There is also the challenge of accessing post-abortion care which might either be inadequate or too costly to afford. The inadequacy of the legal provisions on abortions in Kenya, has led to lack of clarity concerning clinical officers’ and nurses’ scope of practice in Kenya which has led to most health care providers not offering this service in fear of criminal proceeding being brought against them.[11]

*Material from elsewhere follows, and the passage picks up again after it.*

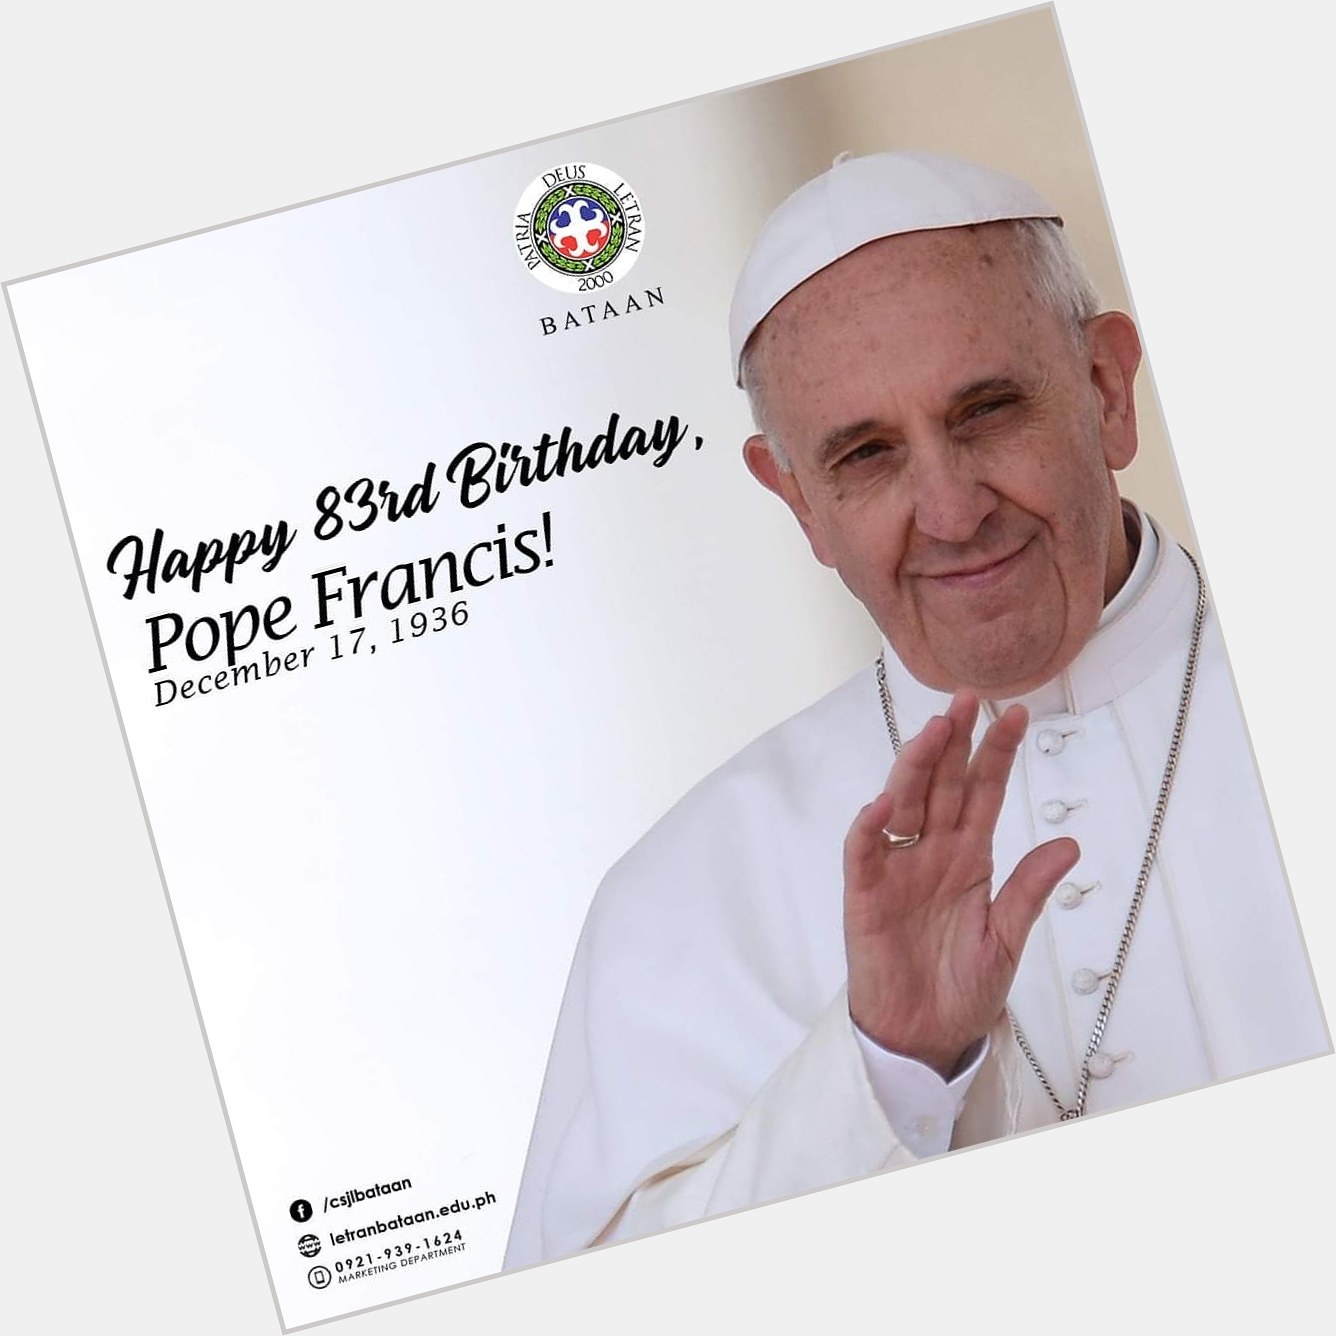 Happy 83rd Birthday, Pope Francis! 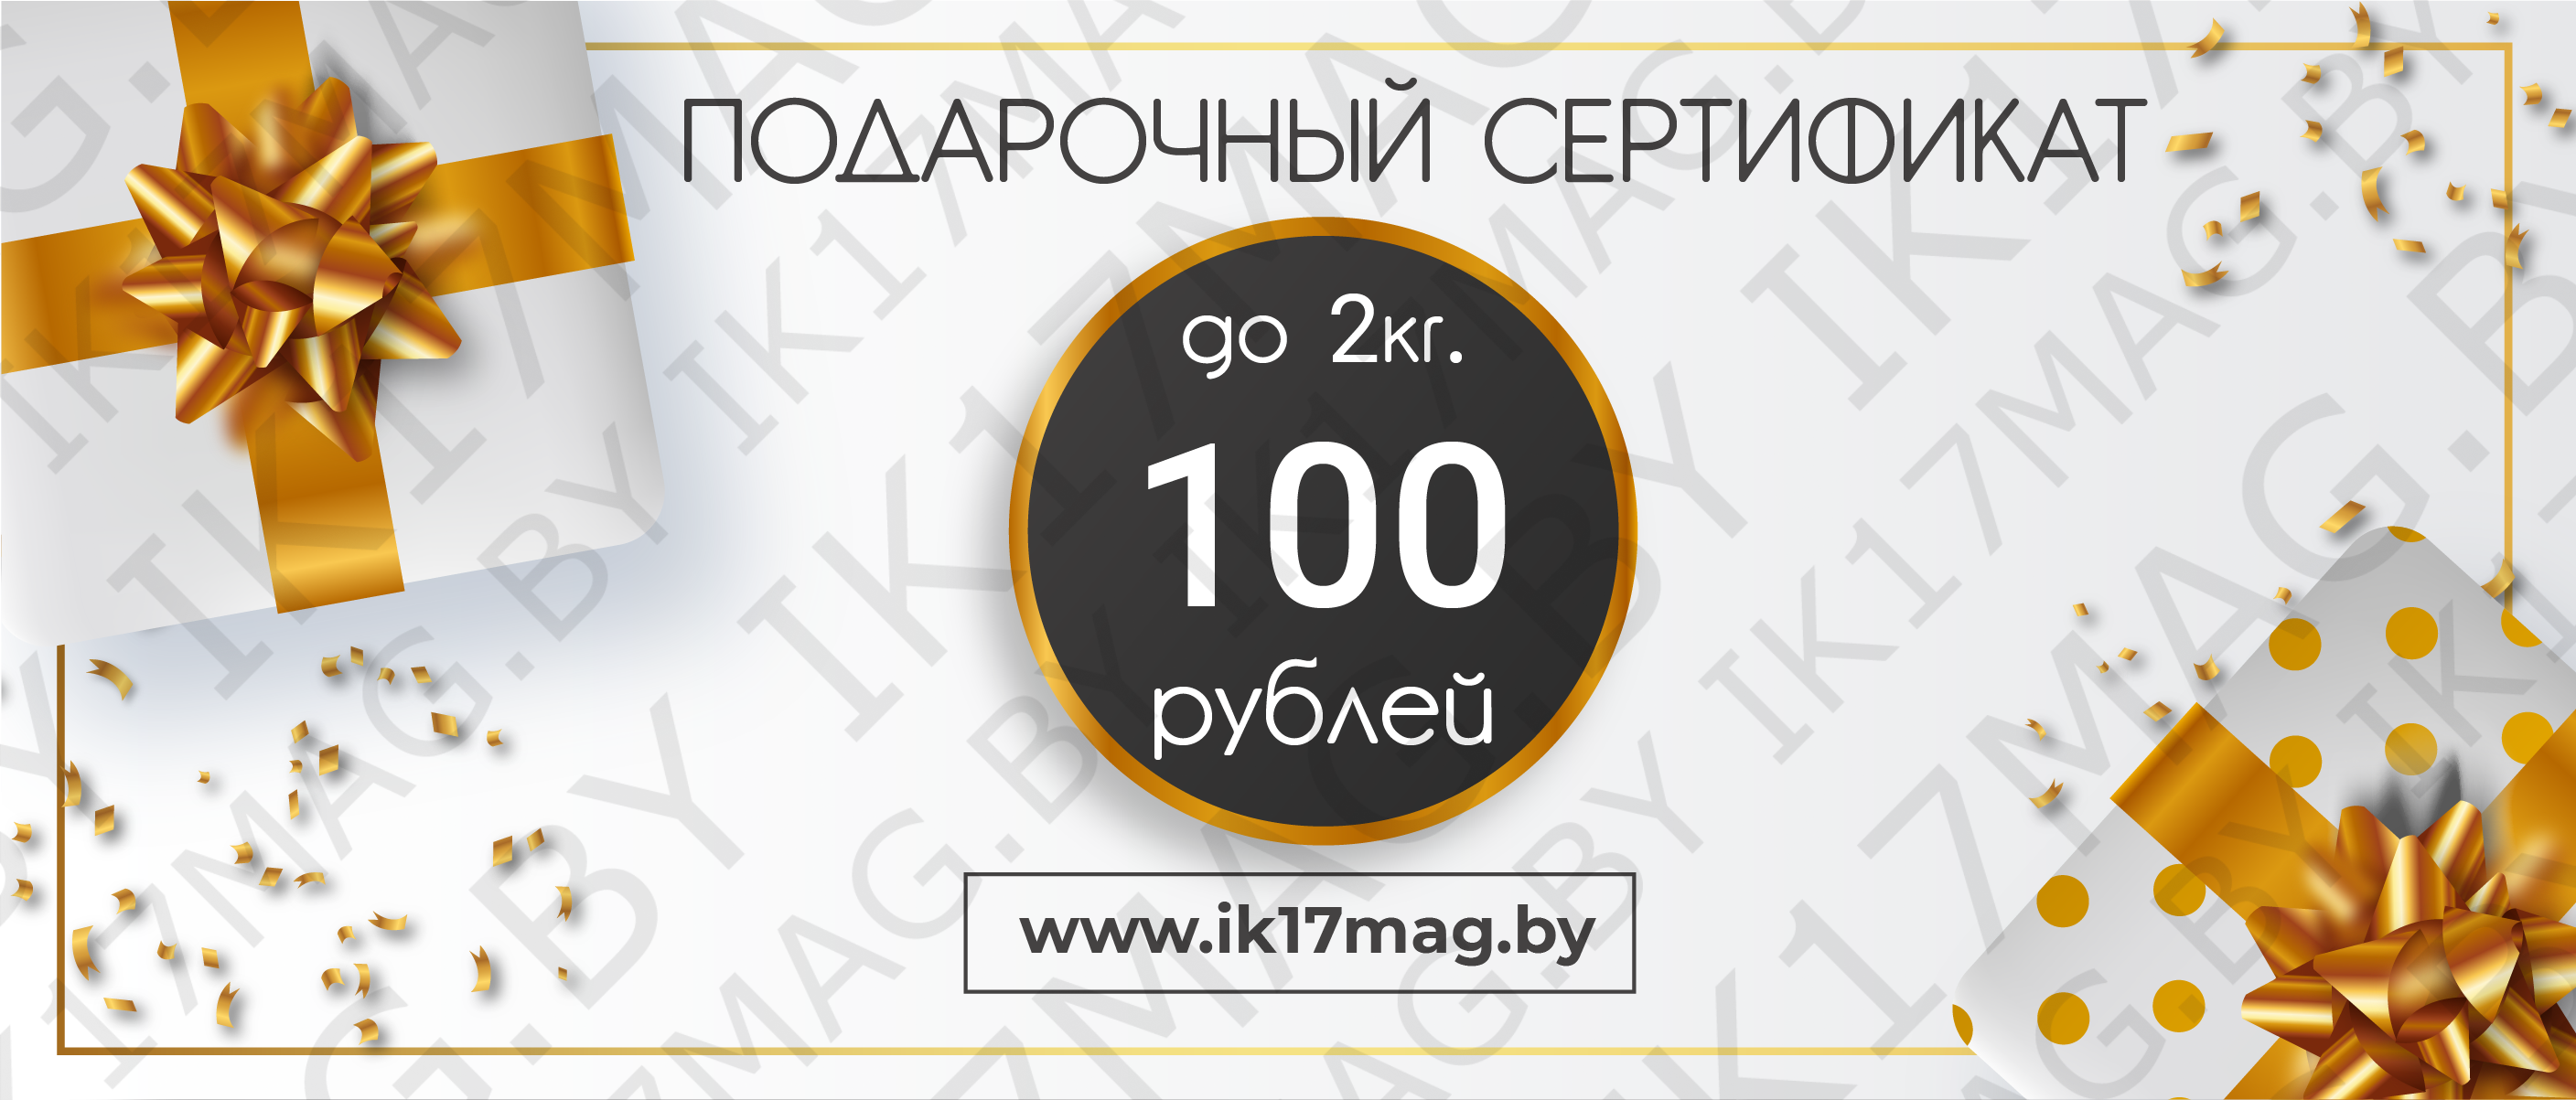 Сертификат на 100 рублей до 2 кг.

In conclusion, there is need for increased adoption of laws both at the International and Regional level into the National laws we have on reproductive health rights. Kenya is yet to enact a binding law on reproductive rights and the current Bill has been faced by much opposition as to matters of morality and adequacy in provisions which will be discussed in the next chapter. This in turn means that the realization of these rights is not complete in Kenya because of the inadequate legal provisions.

Published by

Tracy Wachira, Advocate

RCKM, Kituo Cha Sheria

[1] Bryan A Garner, Black’s Law Dictionary, 9th Edition

[2] Reproductive Health Care Bill, 2014 part I

[3] Sub article d of Article 29

[4] No 14 of 2006

[5] Section 3 of no 14 of 2006

[6] No 8 of 2001

[7] No 3 of 2006

[8] CAP 63 of 2007

[9] Section 3 of the Reproductive Health Care Bill, 2014

[10] David Grimes et al, Unsafe abortion: The preventable pandemic, (Lancet, 2006)

[11]In Harm’s Way: The Impact of Kenya’s Restrictive Abortion Law. (Centre for Reproductive Rights, 2010) at 14.